La présidente de la FIQ, Régine Laurent 

L'expertise en dons d'organes maintenue

Le Centre intégré de santé et de services sociaux de l'Outaouais (CISSSO) fait marche arrière et annule l'abolition de deux postes d'infirmière responsable du programme du don d'organes en Outaouais, annonce la Fédération interprofessionnelle de la santé du Québec (FiQ).
De passage à Gatineau, la présidente de la FiQ, Régine Laurent, s'est réjouie de cette victoire pour son syndicat. En février, la FiQ avait décrié l'abolition de ces postes et affirmait craindre que des décès évitables surviennent dans la région après la perte de ces infirmières.
«Je pense que c'est la mobilisation (qui a fait reculer le CISSSO), a lancé Mme Laurent en conférence de presse. Pour eux, je ne crois pas que c'était le nombre de postes perdus qui posait problème, mais surtout la perte d'expertise.»
Selon la FiQ, l'expertise acquise par ces deux infirmières de l'Outaouais en matière de dons d'organes et de tissus est reconnue à travers le Québec. Ces deux travailleuses de la santé ont pu reprendre leurs fonctions le 21 septembre, ajoute la co-porte-parole de la FiQ en Outaouais, Lyne Plante.
Statut particulier maintenu
En conférence de presse, Régine Laurent a également félicité les membres de la FiQ de la région pour leur mobilisation autour du statut particulier en santé en Outaouais. La présidente de la FiQ estime qu'il était menacé dans le cadre des négociations collectives actuelles, mais que le ministère de la Santé a fait marche arrière.
Mme Laurent soutient que dans un courriel, un sous-ministre du ministère de la Santé évoquait la possibilité d'inclure le statut particulier dans les négociations collectives des travailleurs de la santé en Outaouais.
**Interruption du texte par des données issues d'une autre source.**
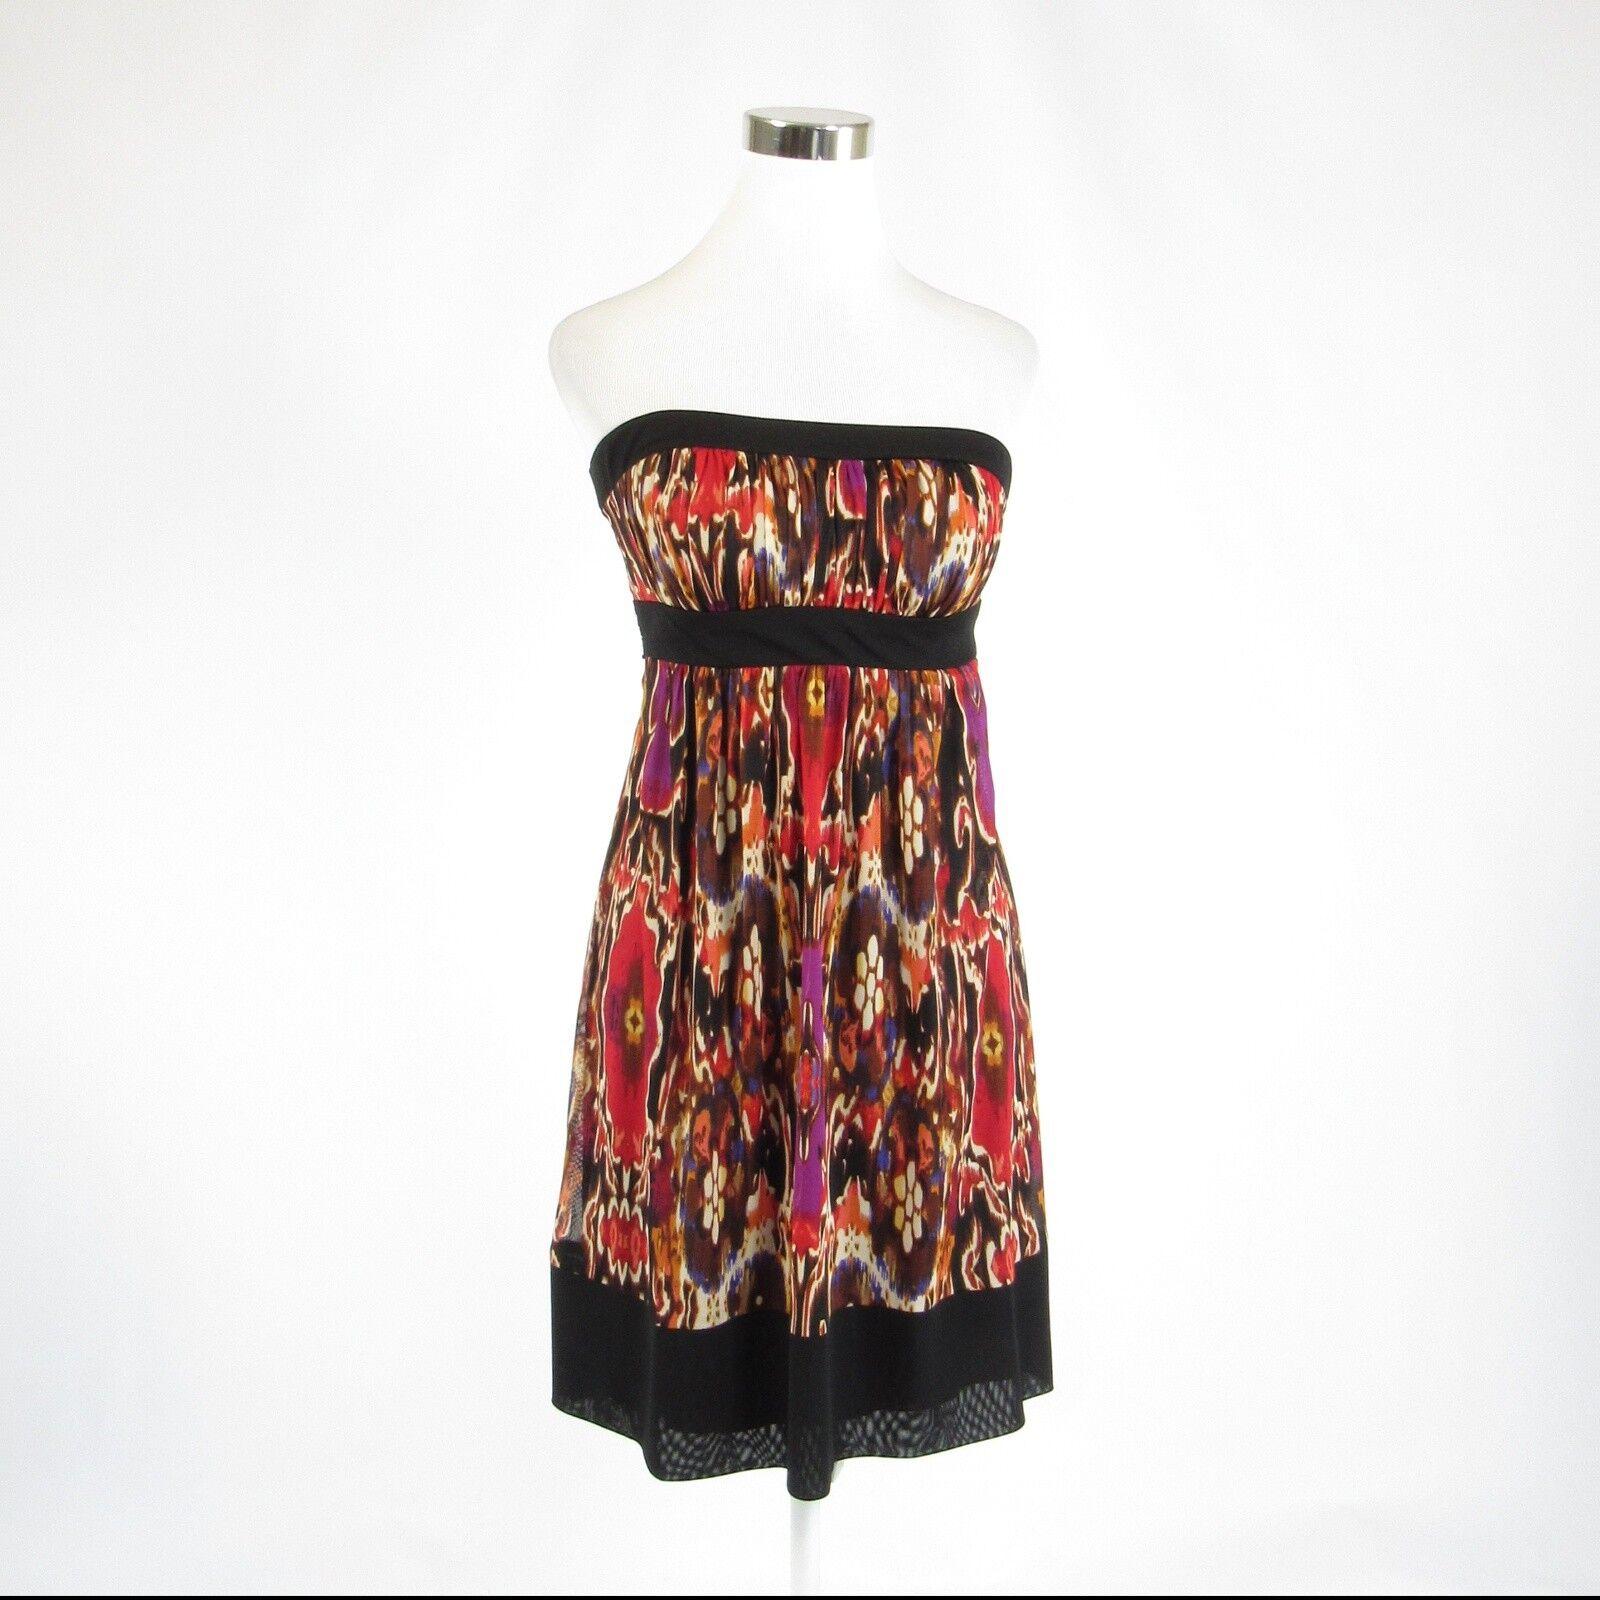 Dark brown red floral print ANTHROPOLOGIE MOULINETTE SOEURS sun dress 6

La présidente de la FiQ rappelle que le statut particulier est un ajout aux conditions de travail en Outaouais pour éviter une fuite des travailleurs vers l'Ontario.
«Je pense que ce serait la pire chose à faire d'enlever le statut particulier. On retournerait à ce que j'ai vu il y a 15 ans en Outaouais: un personnel traverse de l'autre côté de la rivière, de plus en plus de temps supplémentaire, de plus en plus de recours aux agences privées et de plus en plus de gens qui vont se faire soigner en Ontario.»
Régine Laurent soutient avoir reçu l'assurance du ministre de la Santé, Gaétan Barrette, que le statut particulier serait maintenu tel qu'il l'est actuellement pour la durée de la prochaine convention collective.